Molecular Resolution in Optical Nanoscopy by Breaking the Information Barrier
Super-resolution microscopy methods such as STED and PALM/STORM have revolutionized far-field optical fluorescence microscopy by going beyond the diffraction limit of light and offering potentially unlimited resolution. In practice, however, the resolution of an image is limited by the finite photon budget of fluorescent probes, while their finite emission rate imposes a spatio-temporal trade-off in tracking applications.

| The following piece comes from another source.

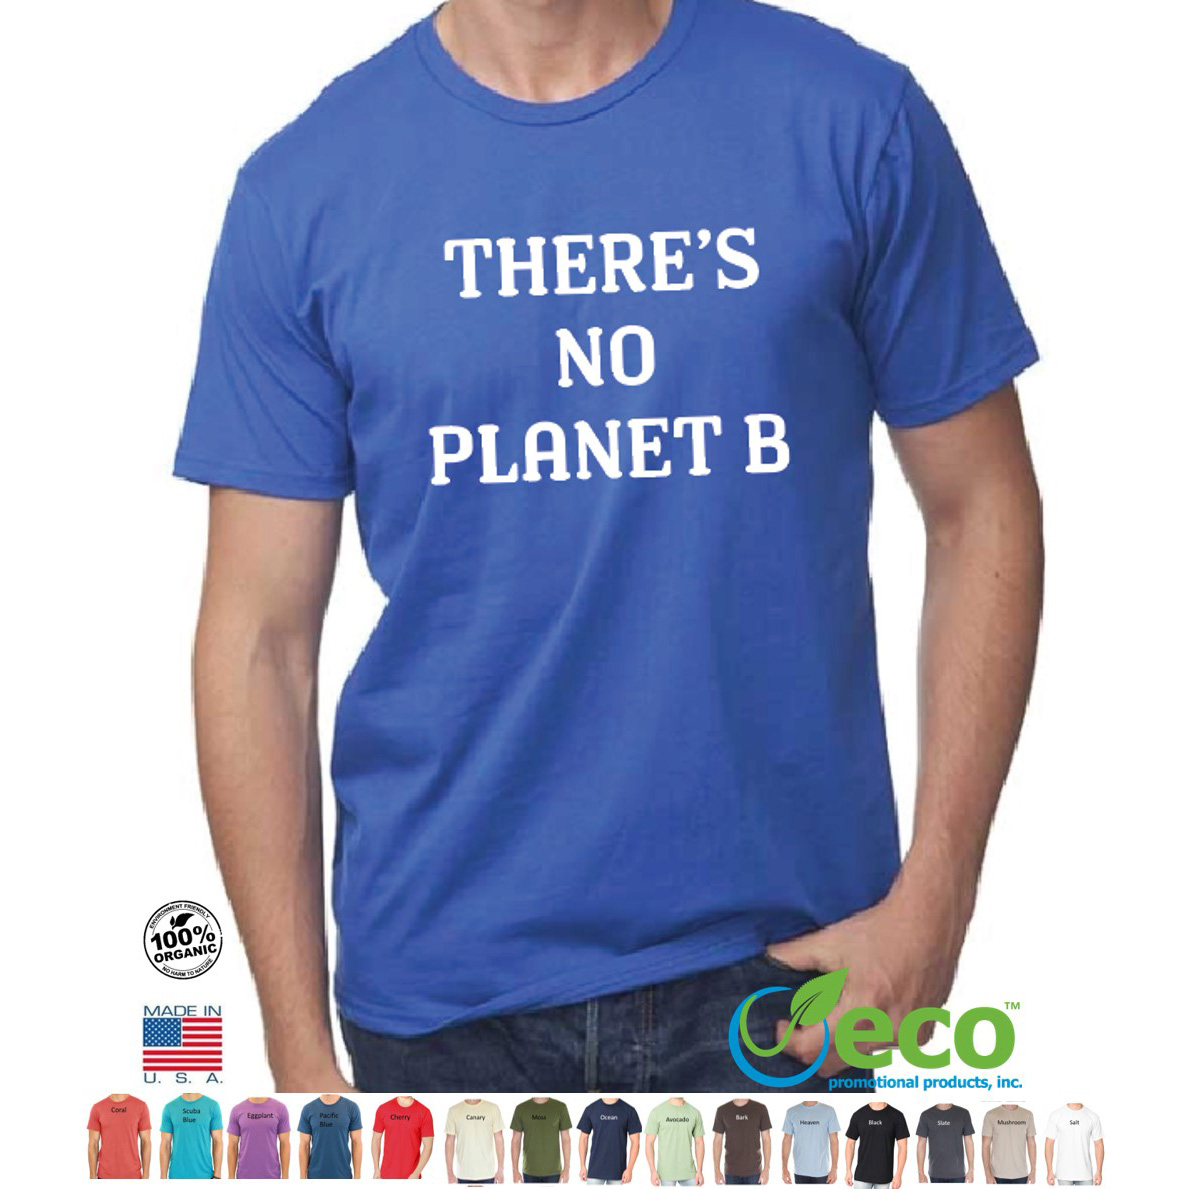 popular sustainable organic cotton eco t-shirt
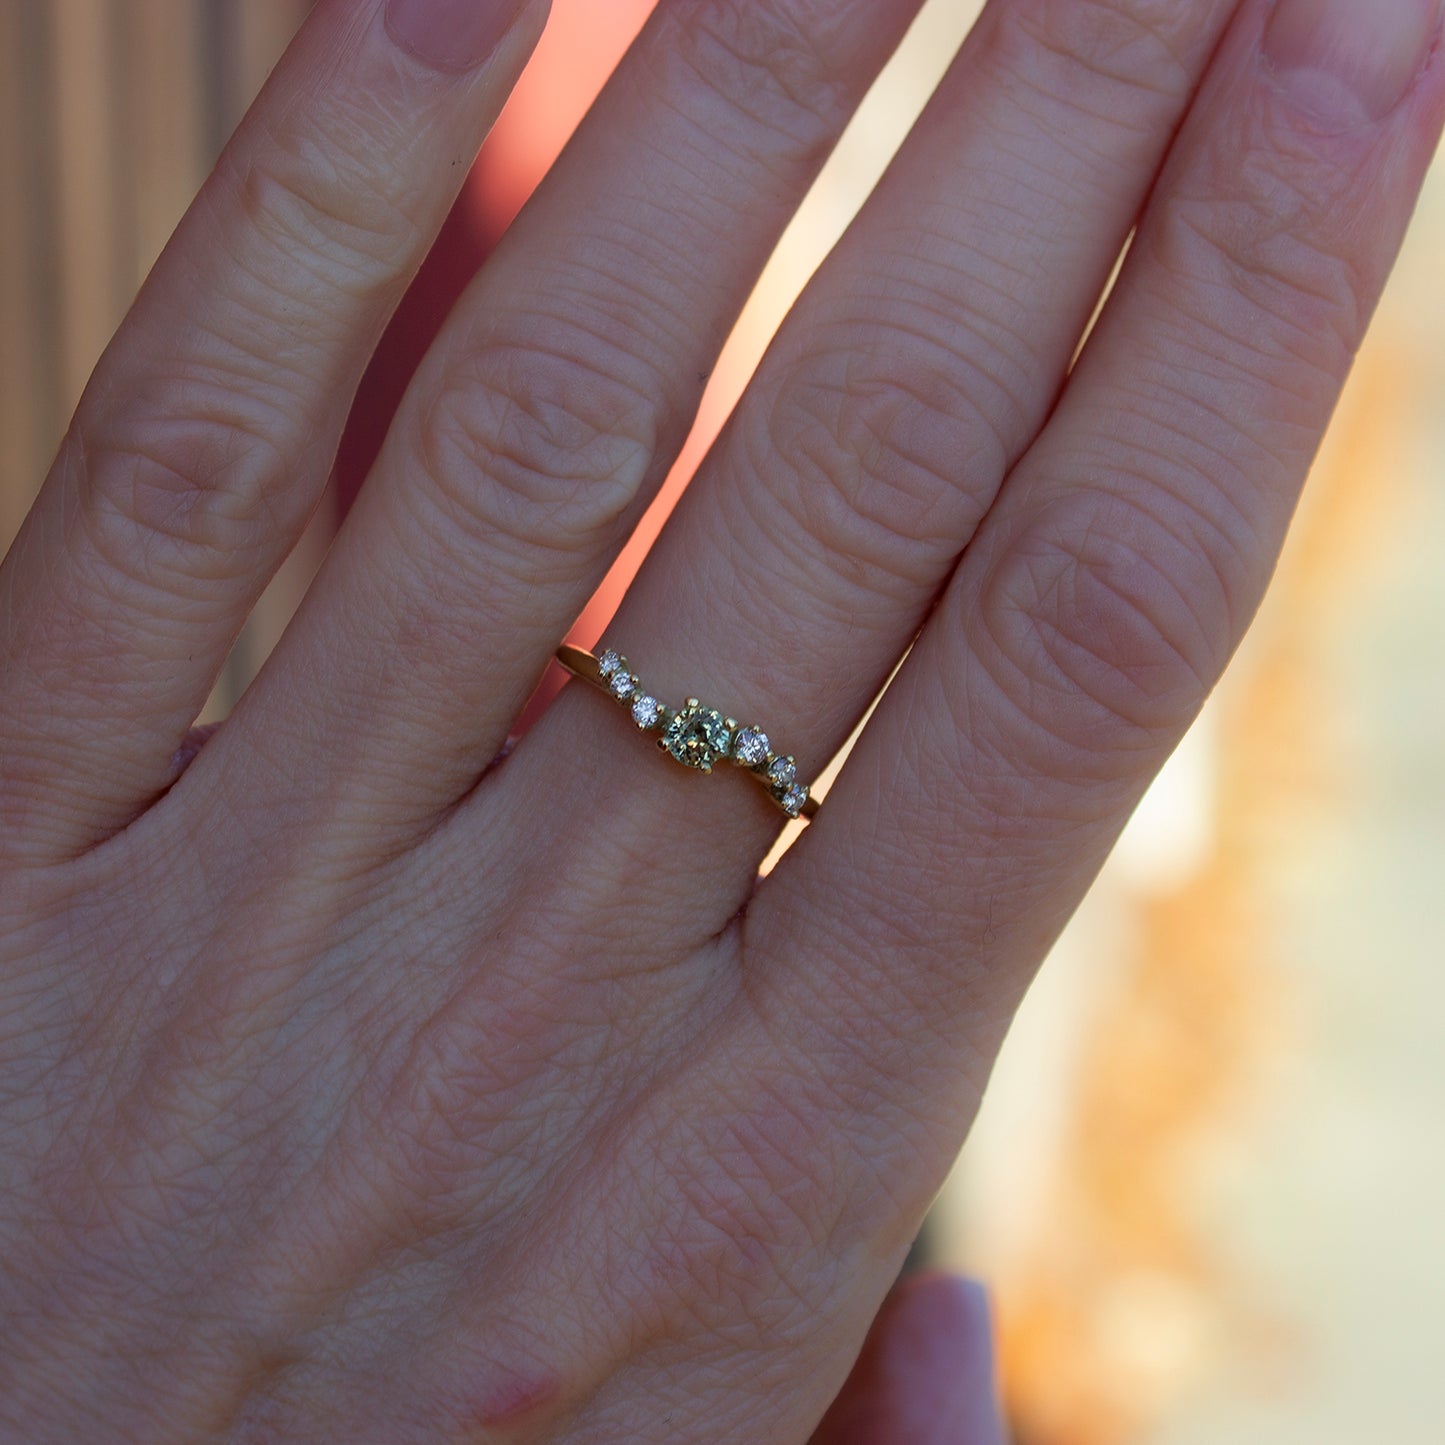 Namika Ring - Green Sapphire And White Diamonds

By synergistically combining the strengths of both super-resolution families, the recently introduced MINFLUX concept tackles these limitations by rendering each emitted photon more informative. MINFLUX localizes an emitter by repeatedly probing its location with an excitation beam that features a zero of intensity. The emitter position is obtained from the knowledge of the beam shape and the number of photons collected at each location of the beam. When compared to conventional centroid-localization techniques, it is possible to reach a given precision by using fewer photons, or conversely, have an improved precision for the same photon budget.
In this seminar, I will present the foundations of super resolution optical microscopy and build up towards how MINFLUX works. I will discuss published results in nanoscopy (~1 nm resolution) and single molecule tracking and show recent extensions of the technique for multicolor three-dimensional operation within large fields of view for fixed and living cells.